Axe « Métamorphoses de la démocratie »
Dénonciations et pratiques de corruption politique dans les nouvelles démocraties
10-11 novembre 2016
CEREFREA Villa Noël (6, Rue Emile Zola, Bucarest)
A partir de 2016, l’axe de recherche « Métamorphoses de la démocratie » du CEREFREA Villa Noël, en partenariat avec la Faculté de Sciences Politiques de l’Université de Bucarest, lance une série d’interrogations sur les limites de la démocratie dans l’Europe contemporaine. Le premier volet de cette réflexion porte sur les enjeux de la représentation politique contemporaine et sur la dénonciation de la corruption politique dans les nouvelles démocraties.
Présentation générale :
La corruption est comprise comme un phénomène politique construit du point de vue social (Johnston, 1996) et comme une notion à étudier (et non comme une catégorie de l’analyse). Ce choix épistémologique s’inscrit dans le constructivisme « modéré » selon lequel les pratiques du pouvoir et les discours qui les accompagnent sont en processus de définition et de redéfinition permanent par les différents acteurs sociaux et politiques (Monier, Dard, Engels, 2014). La corruption comme catégorie à problématiser et comme un ensemble de discours critiques est un choix méthodologique d’autant plus pertinent que des réformes récentes remettent en question la capacité des nouvelles démocraties à limiter les abus de pouvoir, tandis que les contestations de la rue, de plus en plus nombreuses, dénoncent la corruption endémique et les conflits d’intérêts des élites.
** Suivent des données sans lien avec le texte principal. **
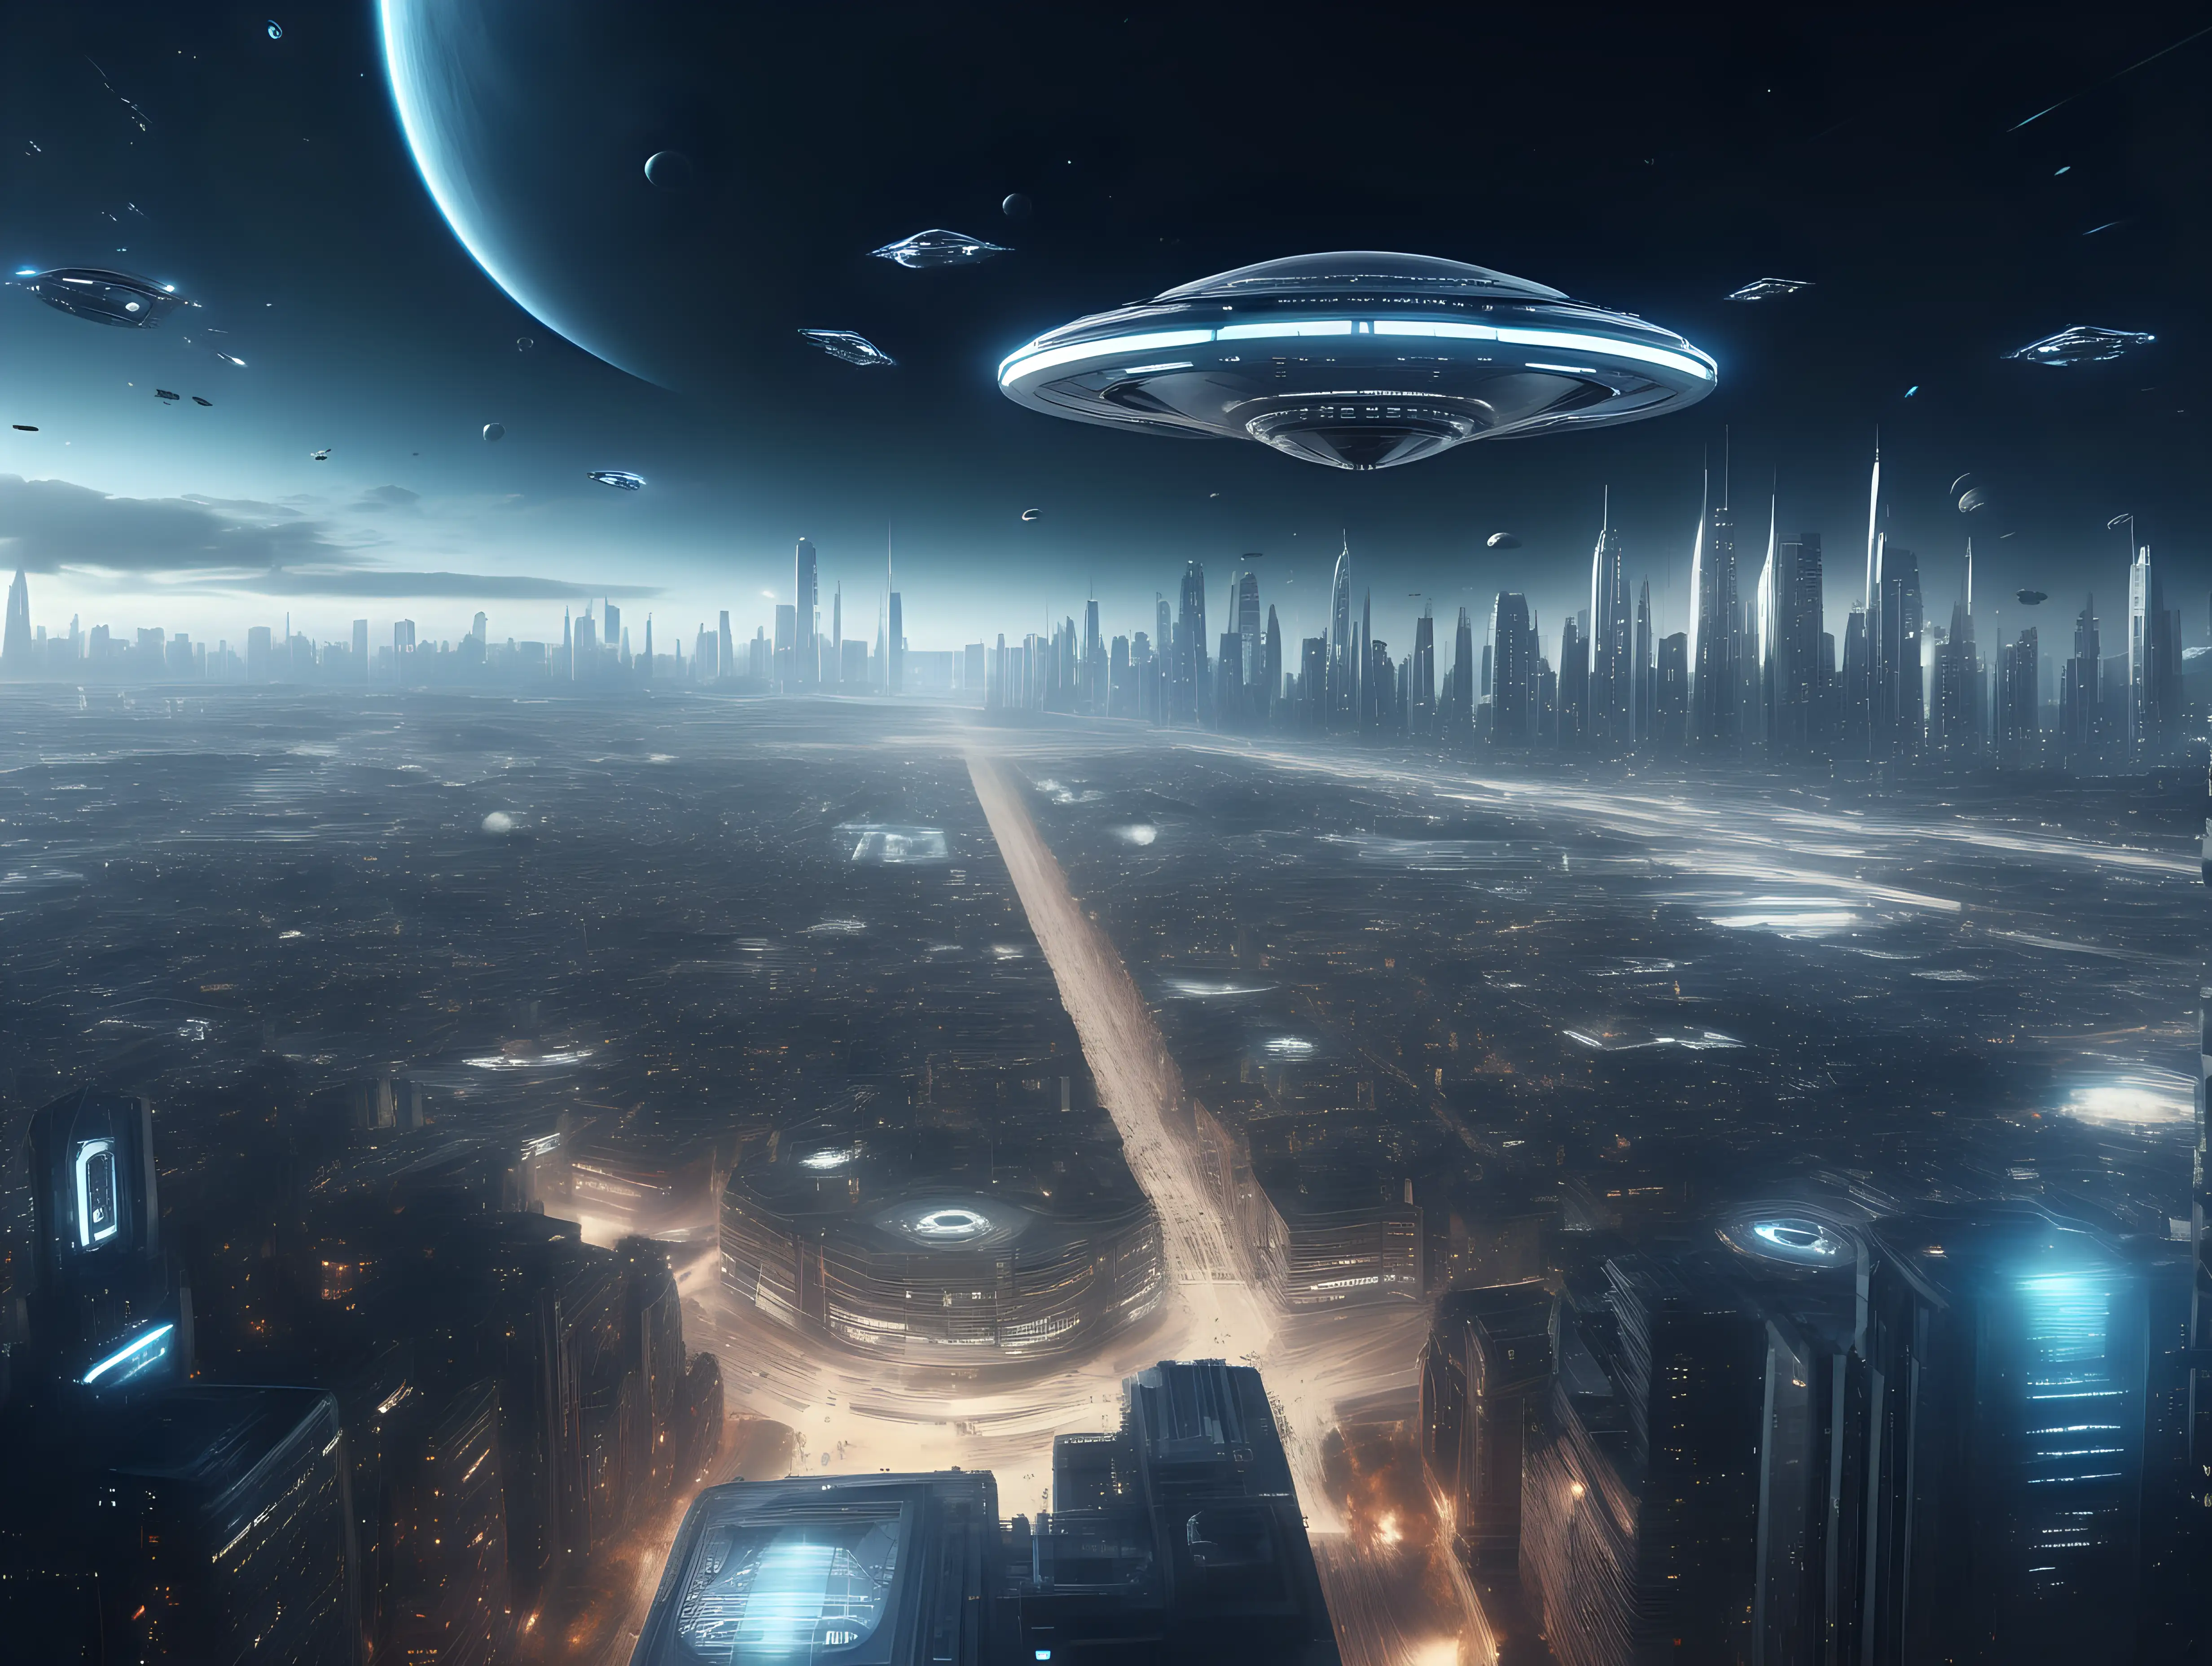 Futuristic Cityscape Illuminated Spaceship Hovers Above UltraRealistic Metropolis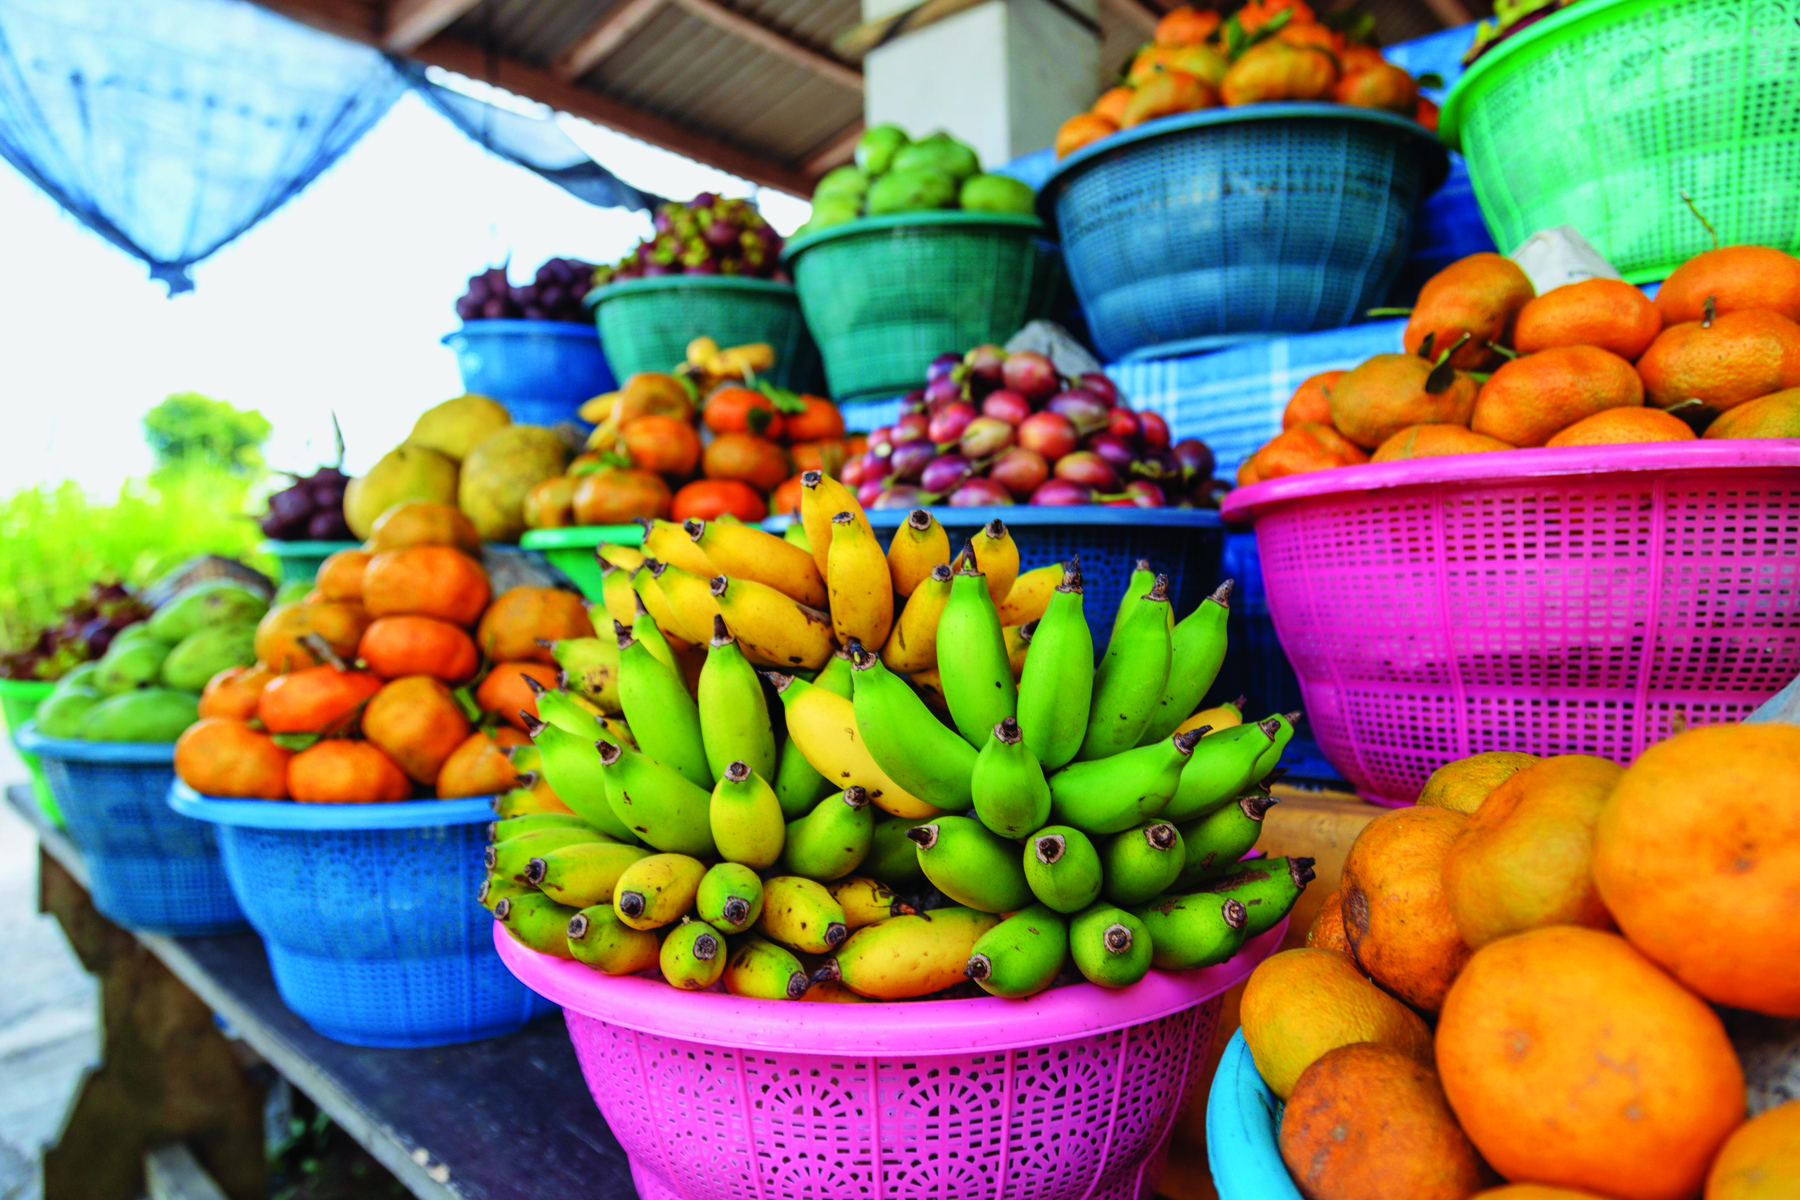 Fotografia. Frutas organizadas em cestas coloridas. Estão expostas em uma banca. À frente, bananas e laranjas. Ao fundo outras frutas coloridas.

A une première vue, l’antithèse entre « les démocraties occidentales » et « les nouvelles démocraties », en termes de dénonciation des mauvaises pratiques en politique et d’attentes de la bonne gouvernance, semble aujourd’hui obsolète. Les transferts institutionnels, l’européanisation, la rhétorique quasi-globale de la dépolitisation de la politique (e.g. la lutte pour la transparence, l’idéal technocratique ou encore le développement des autorités autonomes) ont contribué à une convergence normative dans la définition des attentes quant à la définition de la représentation politique et à la sanction des dérives du pouvoir. A l’opposé, des particularismes régionaux visent en principal les microtechniques du pouvoir et les stratégies de la colonisation des biens de l’Etat (van Biezen, 2004 ; Morlino, 2005 ; van Biezen & Kopecký, 2006, 2014 ; Mair et al., 2011). Par ailleurs, 25 ans après la chute du communisme, l’enjeu de « la démocratisation » n’a pas disparu tout d’un coup : la fin des régimes autoritaires avait surtout lancé de nouveaux défis à une politique d’intégrité (parfois à caractère idiosyncratique). Dans des pays comme la Géorgie ou la Moldavie l’européanisation semble remise en question, tandis que pour les pays des Balkans de l’Ouest, jadis des porte-paroles de la libéralisation des régimes communistes, l’adhésion à l’Union Européenne reste incertaine. Dans tous ces cas, « la corruption » est souvent citée comme un facteur prépondérant dans les retards, dans le développement ou encore dans l’édification de l’Etat de droit. Même les gagnants de la transition, les Etats qui ont rejoint l’UE en 2004 et en 2007, se voient confrontés, après une étape d’euphorie, à l’érosion de la représentation politique (Ágh, 2010 ; Rupnik, 2007 ; Pridham, 2008 ; Sedelmeier&Iusmen, 2015). La Hongrie, la Pologne et la République Tchèque, autrefois des modèles de la transition réussie, ont développé des pathologies du pouvoir telles que le populisme, la corruption et d’autres formes de patronage politique (Scheppele et al., 2012 ; Meyer-Sahling & Veen, 2012 ; Batory, 2012 ; Fink-Hafner, 2014). En Roumanie ou en Bulgarie, les soi-disant « mauvais écoliers » de l’Europe, des progrès encore limités ont été enregistrés quant à la lutte contre la corruption (Smilov, 2007 ; Gherghina, 2013 ; Hein, 2015).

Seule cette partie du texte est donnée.